August Turak is convinced that selflessness and service can make for successful business. As proof, he describes the monks of Mepkin Abbey who once ran a successful egg business with 40,000 laying chickens and then transitioned to a successful business growing mushrooms, selling organic fertilizers, managing a renewable supply of timber, and running a gift shop. Other Trappist monks have been equally or even more successful, like the monks of St. Sixtus who brew and sell their own specialty beer.
I appreciate the way this author tells stories from his own experience in business and as a regular visitor to the Mepkin Abbey. His time spent living and working alongside the monks gave him a unique opportunity to observe their way of life and learn from them. Brother Robert, Father Malachy, Dom Francis Kline, and others lived faithfully, authentically, and successfully. I can see why Turak was drawn to them, and why he wrote this book to share what he learned.

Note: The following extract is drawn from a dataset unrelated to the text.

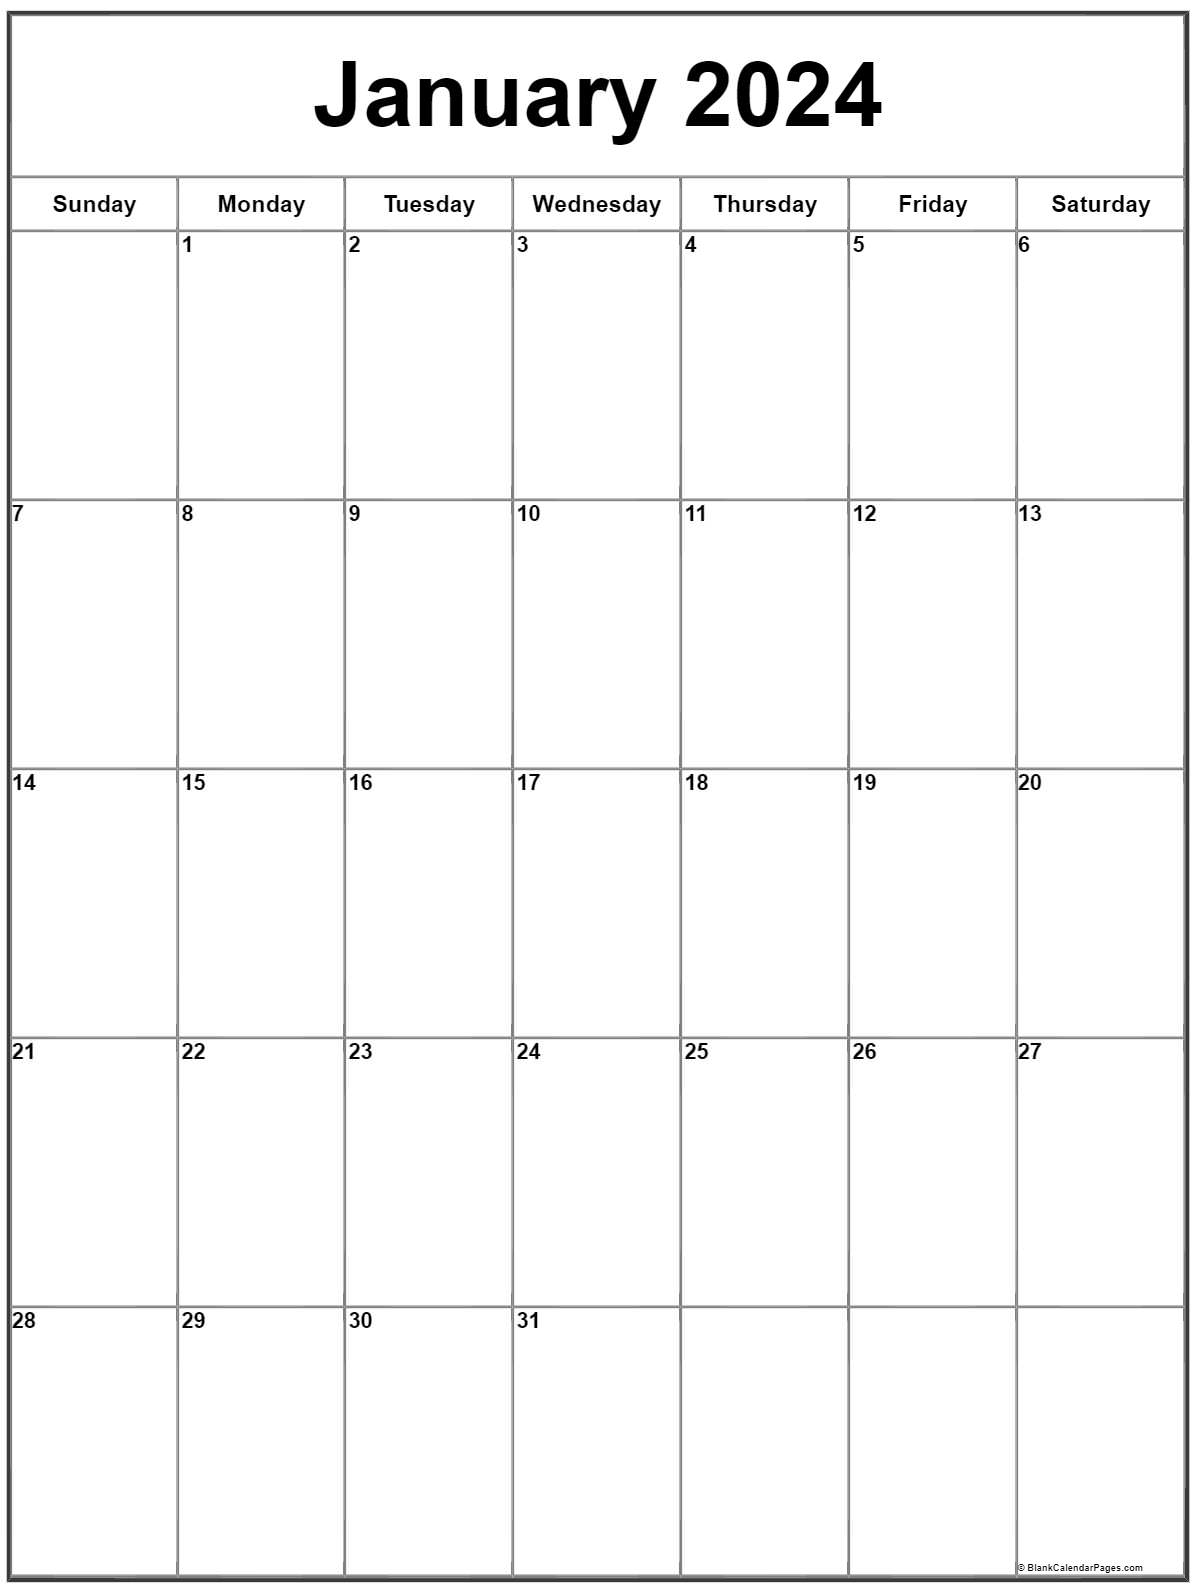 January 2024 Vertical Calendar | Portrait for Monthly Calendar 2024 Printable With Holidays

But is it possible to extract certain principles from the Trappist way of life and apply them to business? Can we take the qualities of selflessness and service and apply them to our work without also living the community life of prayer that is part of the Rule of St. Benedict? Will these principles “work” in business unless they are also a part of our lives?
The author hints at this in his preface where he warns readers not to see this book as some kind of business “formula,” and this becomes even more clear as the book progresses. In the last chapter, “Living the Life” the author writes (page 74):
Reading this book and a thousand like it will prove of little or no use if you don’t commit to living the life. It is only through the long, slow process of living the life that the living waters of spirit permeate our rock-hard heads, until they finally reach our hearts. Once again we will never really learn service and selflessness until we become it.
Although I’m not in business like the author, I can identify with much of what he says about mission, personal transformation, service, community, and other lessons of Trappist business and spirituality. These are life lessons for business and beyond.
Disclosure: I received a complimentary copy of this book through the Speakeasy blogging book review network. The choice to review and opinions expressed are my own.